# HAES Books



## EMH1701 (Oct 24, 2011)

I just got through Women Afraid to Eat, by Frances M. Berg. Does anyone have any other good recommendations?

I eat pretty healthy 80% of the time and cook. I know I need to exercise more. :/ Sadly, it's getting to that season where I live and the sun is setting when I come home from work.


----------



## Dr. Feelgood (Oct 24, 2011)

EMH1701 said:


> I know I need to exercise more. :/ Sadly, it's getting to that season where I live and the sun is setting when I come home from work.



Have you thought about yoga? I took it up a couple of years ago because you can do it in a minimal space, with minimal equipment, and you don't have to go outside when the weather's crappy. It is a LOT more enjoyable than calisthenics, and it has helped me increase my strength and flexibility, as well as improve my balance.


----------



## EMH1701 (Oct 26, 2011)

I've tried Yoga. I just am not flexible enough for it. Walking is what I enjoy when it's nice out.


----------



## Dr. Feelgood (Oct 26, 2011)

EMH1701 said:


> I've tried Yoga. I just am not flexible enough for it. Walking is what I enjoy when it's nice out.

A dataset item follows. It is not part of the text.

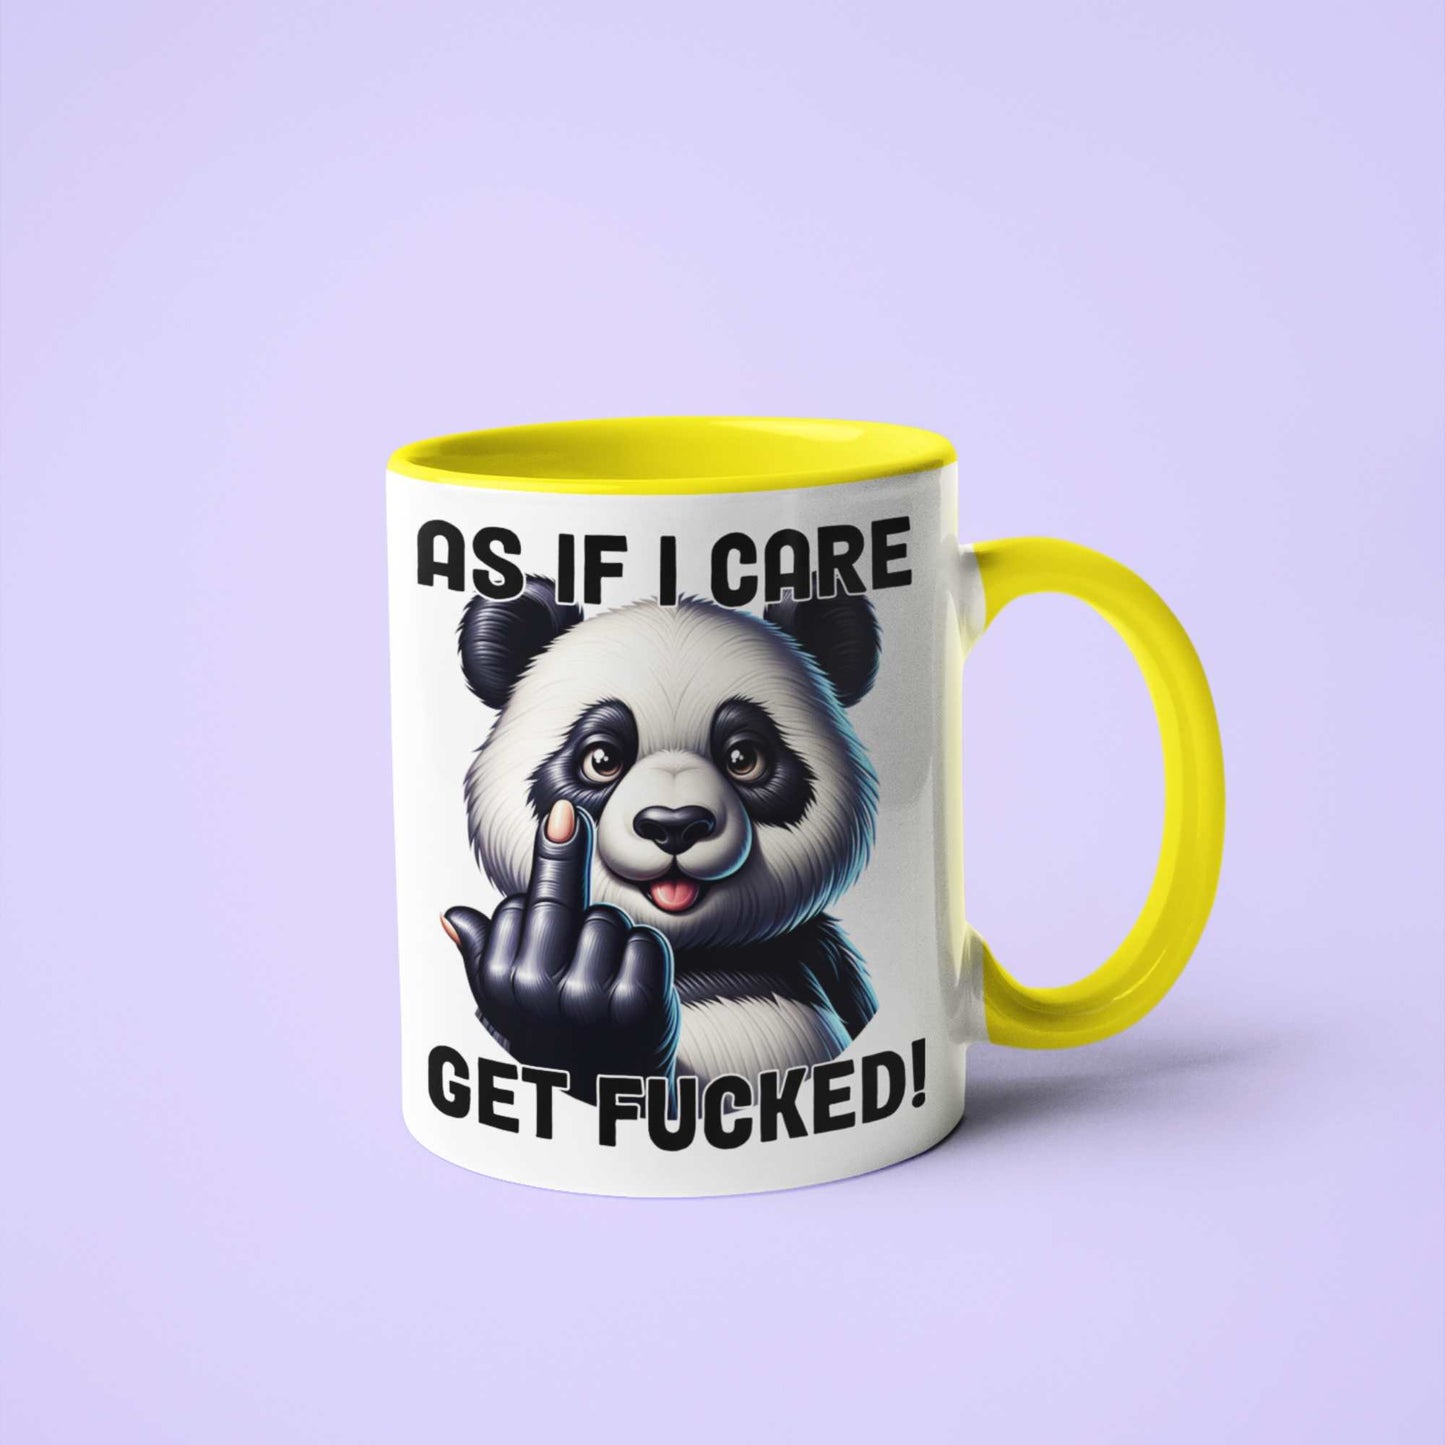 As if I care Get Fucked Rude Coffee Mug Gifts for Her Birthday

Walking is just about my favorite exercise, but it mainly benefits my lower body, so I need to incorporate some upper-body exercises, too. I'm sorry you had a bad yoga experience, but I hope you'll consider giving it another try -- with a different teacher. A good teacher understands what level of activity is right for you and NEVER asks you to do anything that's too hard for you. I know grannies (and grandpas) who do yoga and love it!


----------



## Cynthia (Nov 12, 2011)

This is not a book suggestion, but here's an excellent entry on the HAES blog at the Association for Size Diversity and Health website:

The HAES files: does the Health at Every Size Approach mean I'm giving up?

I found it through a posting in the HAES group on Facebook.


----------